Maurice O'Brien

Personal information
- Native name: Muiris Ó Briain (Irish)
- Nickname: Mossy
- Born: 28 September 1983 (age 42) Limerick, Ireland
- Occupation: Quantity Surveyor
- Height: 5 ft 10 in (178 cm)

Sport
- Sport: Hurling
- Position: Midfield

Clubs
- Years: Club
- 2009–2014: Garryspillane Faughs

Inter-county
- Years: County
- 2003–2008 2009–2013: Limerick Dublin

Inter-county titles
- Leinster titles: 1 (Dublin)
- NHL: 1 (Dublin)

= Maurice O'Brien =

Irish hurler

Maurice O'Brien (born 28 September 1983) is a Limerick-born senior hurler for Dublin and Faughs. He made his debut for Dublin in 2009 against his native Limerick in the National Hurling League. During his time with Dublin he has won one Leinster Senior Hurling Championship winner's medal (2013) one National Hurling League winner's medal and has been a runner-up in two Leinster finals.

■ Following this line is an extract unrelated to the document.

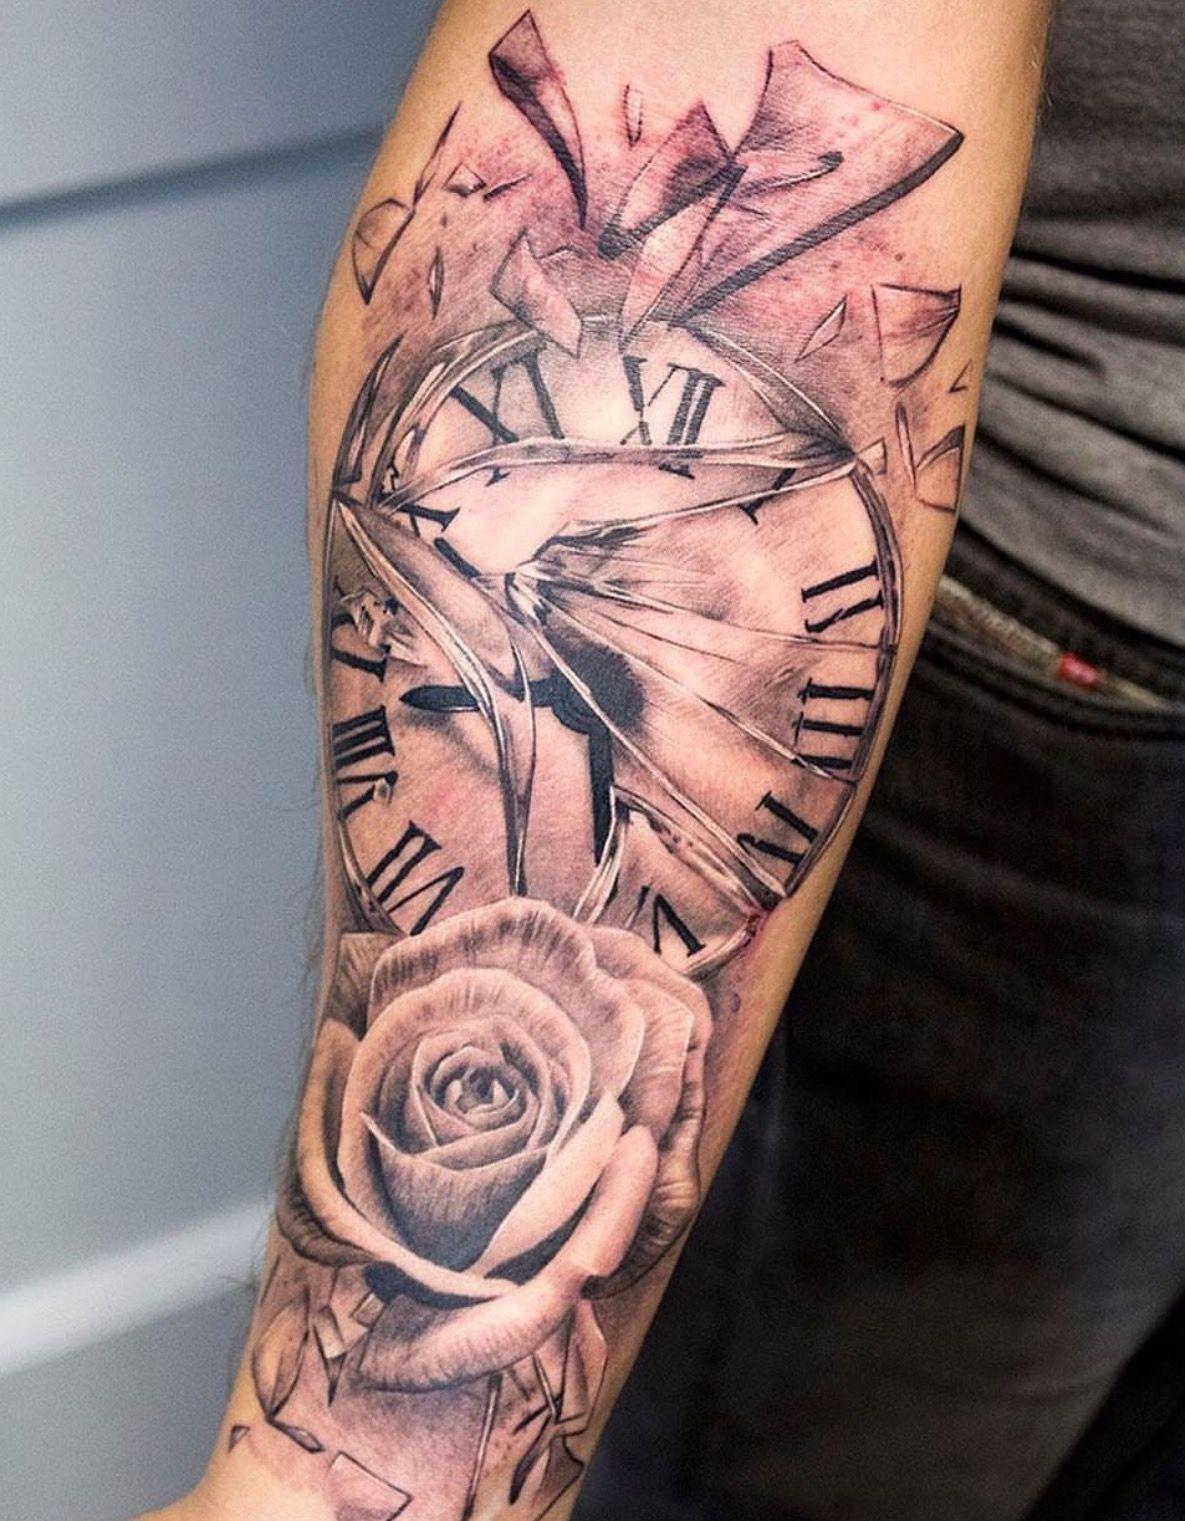 Tattoo Uhr Arm

Maurice has won the All-Ireland Under 21 Hurling Championship and the Munster U21 championship with Limerick in 2001 and 2002. He made his championship debut with Limerick in 2003 against Offaly in the All Ireland Qualifiers.

O'Brien Won 2 Dr Harty Cup's and 2 All Ireland College's (Dr Croke Cup) with St Colmans College, Fermoy in 2001 & 2002, He also won a Fitzgibbon Cup medal with Limerick Institute of technology (LIT) in 2007.

O'Brien hung up his boots in August 2013.